In the meantime,  to meet what you want, the solution is keep
vm.memfd_noexec = 1 (for overwrite), and a new security policy
(SELInux or Landlock) that uses security hook security_memfd_create,
this can block one process from creating executable memfd. Indeed,
security policy is better fit to cases like this than sysctl.

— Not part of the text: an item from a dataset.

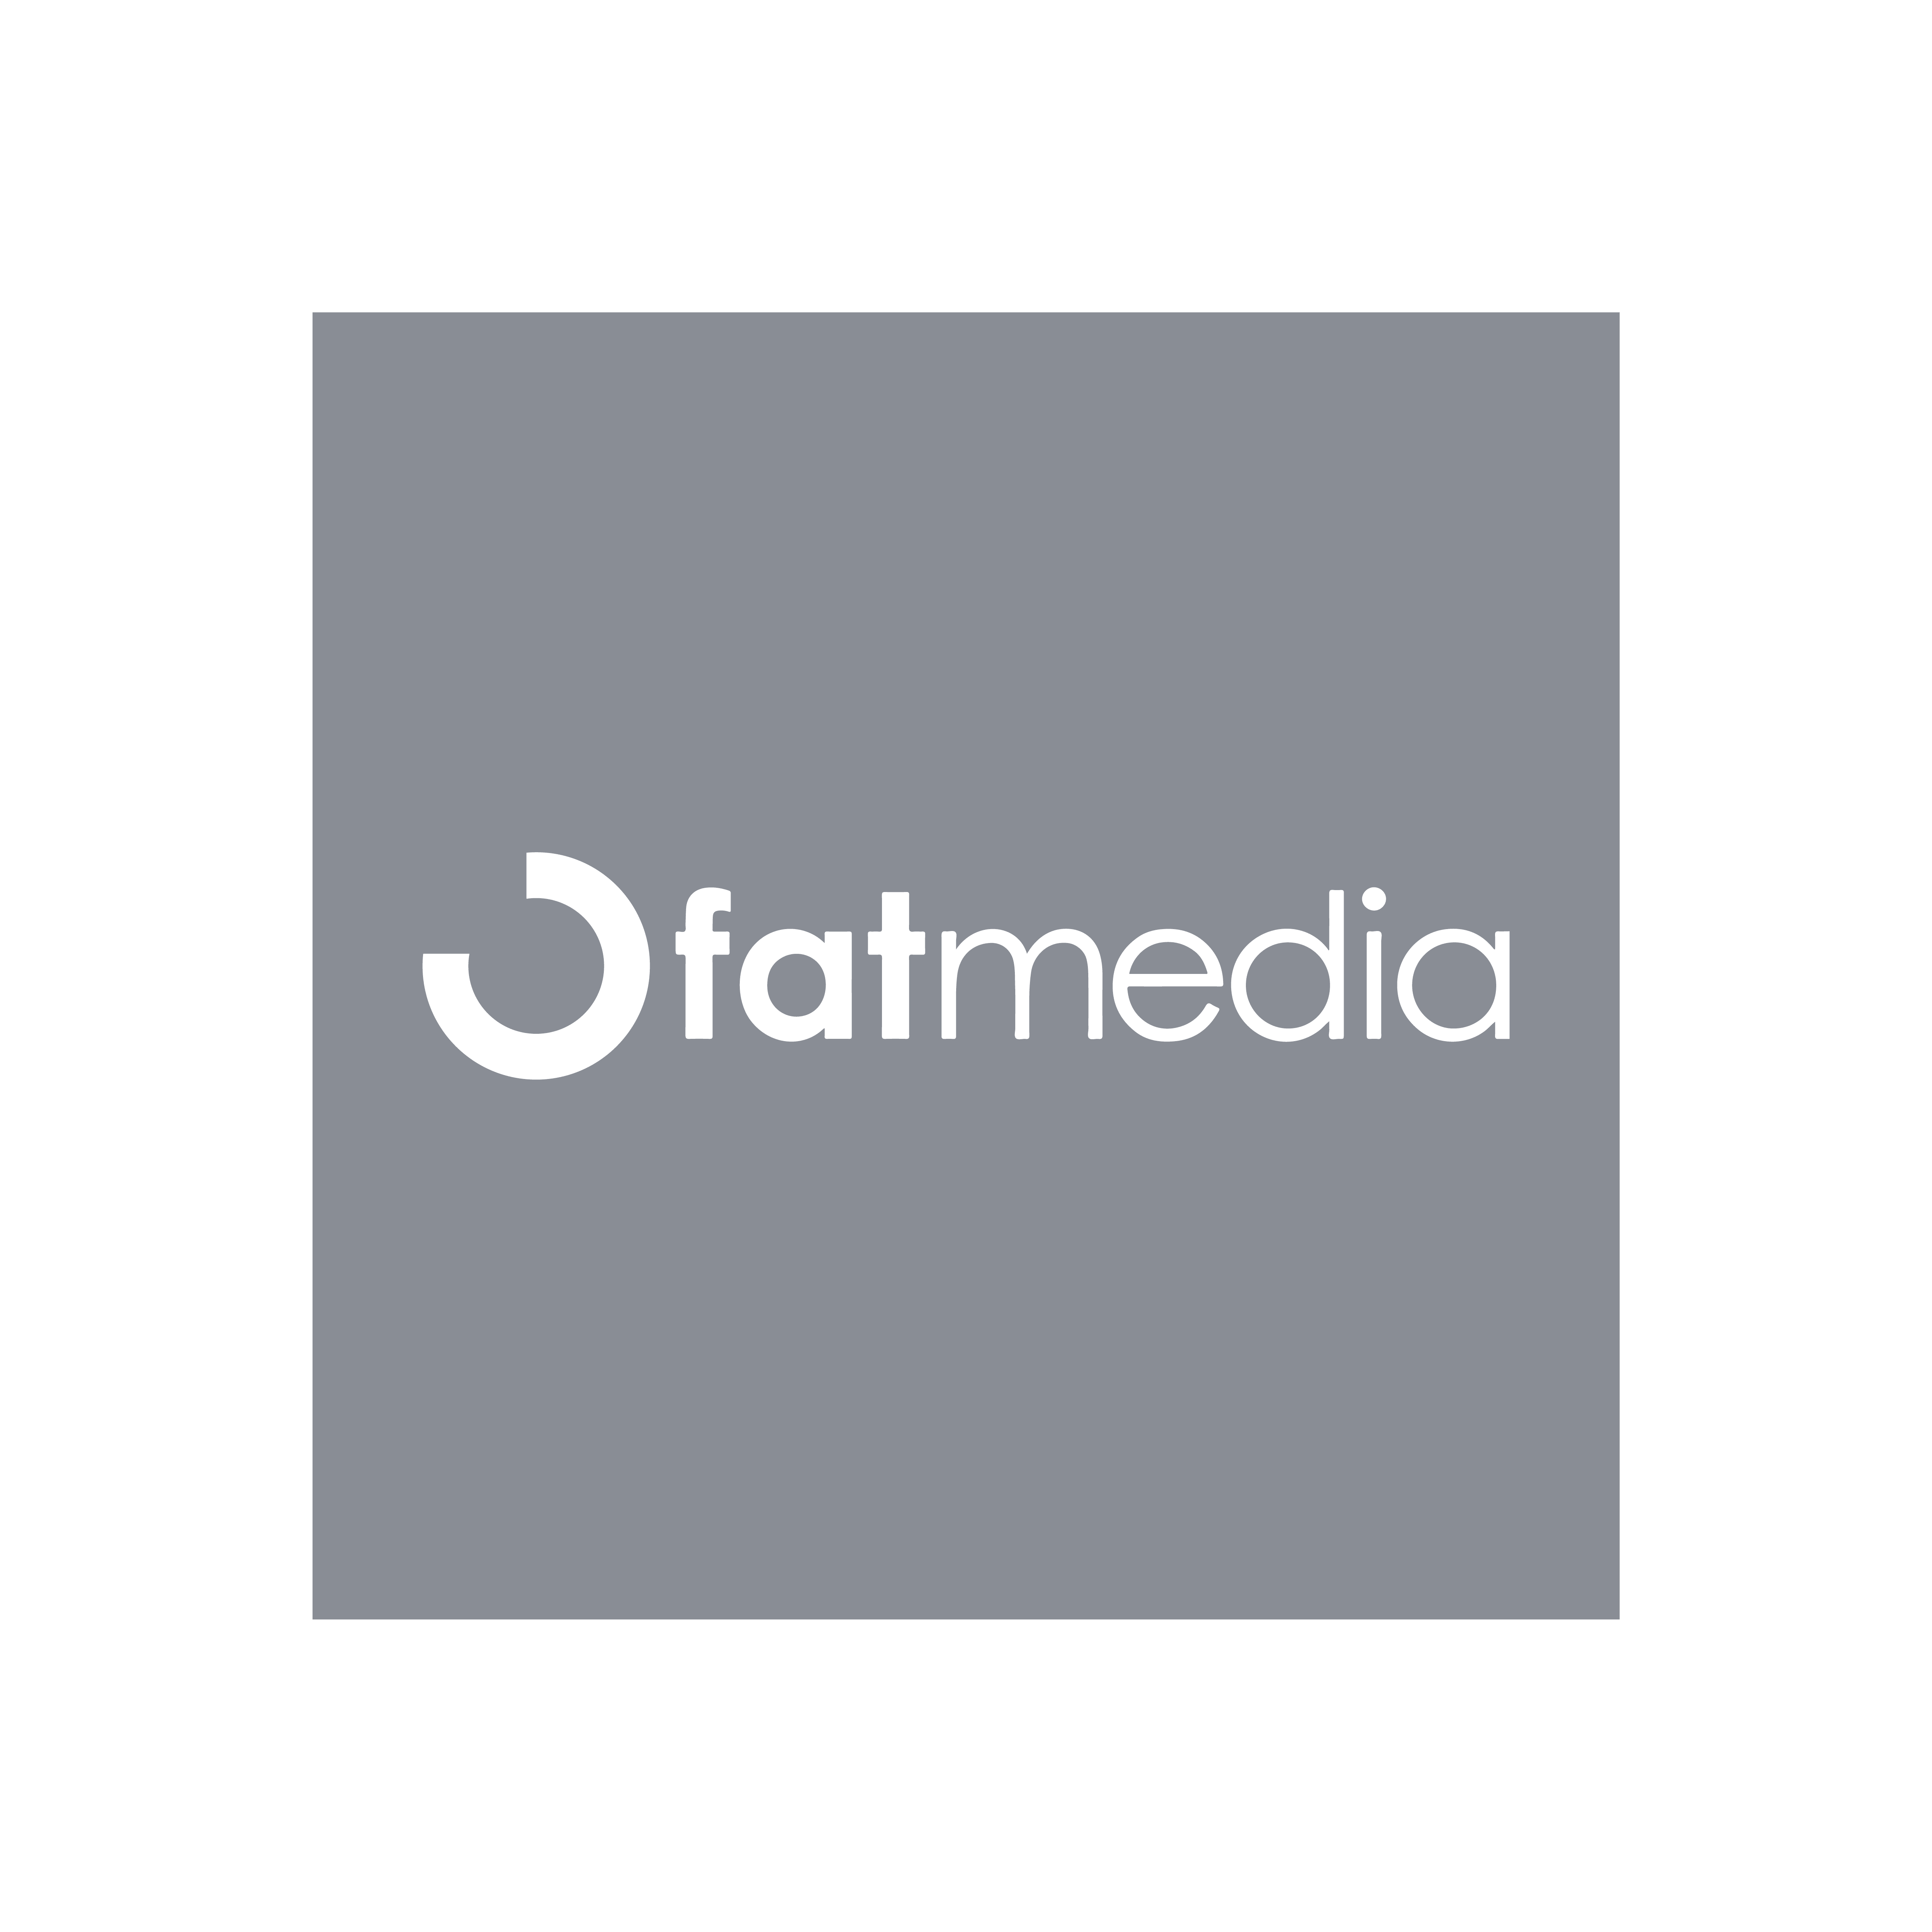 fatmedia-agency

[2] https://lore.kernel.org/linux-mm/CABi2SkWGo9Jrd=i1e2PoDWYGenGhR=pG=yGsQP5VLmizTmg-iA@mail.gmail.com/

> Sure there's a warn_once that memfd_create was used without seal, but
> right now on my system it's "used up" 5 seconds after boot by systemd:
> [    5.854378] memfd_create() without MFD_EXEC nor MFD_NOEXEC_SEAL, pid=1 'systemd'
>
> And anyway, older kernels will barf up EINVAL when calling memfd_create
> with MFD_NOEXEC_SEAL, so even if userspace will want to adapt they'll
> need to try calling memfd_create with the flag once and retry on EINVAL,
> which let's face it is going to take a while to happen.
> (Also, the flag has been added to glibc, but not in any release yet)
>
Yes. Application will need to do some detection of the kernel. This is
not avoidable.

> Making calls default to noexec AND refuse exec does what you want
> (forbid use of exec in an app that wasn't in a namespace that allows
> exec) while allowing apps that require it to work; that sounds better
> than making all applications that haven't taken the pain of adding the
> new flag to me.
> Well, I guess an app that did require exec without setting the flag will
> fail in a weird place instead of failing at memfd_create and having a
> chance to fallback, so it's not like it doesn't make any sense;
> I don't have such strong feelings about this if the sysctl works, but
> for my use case I'm more likely to want to take a chance at memfd_create
> not needing exec than having the flag set. Perhaps a third value if I
> cared enough...
>
> --
> Dominique Martinet | Asmadeus

Thanks
-Jeff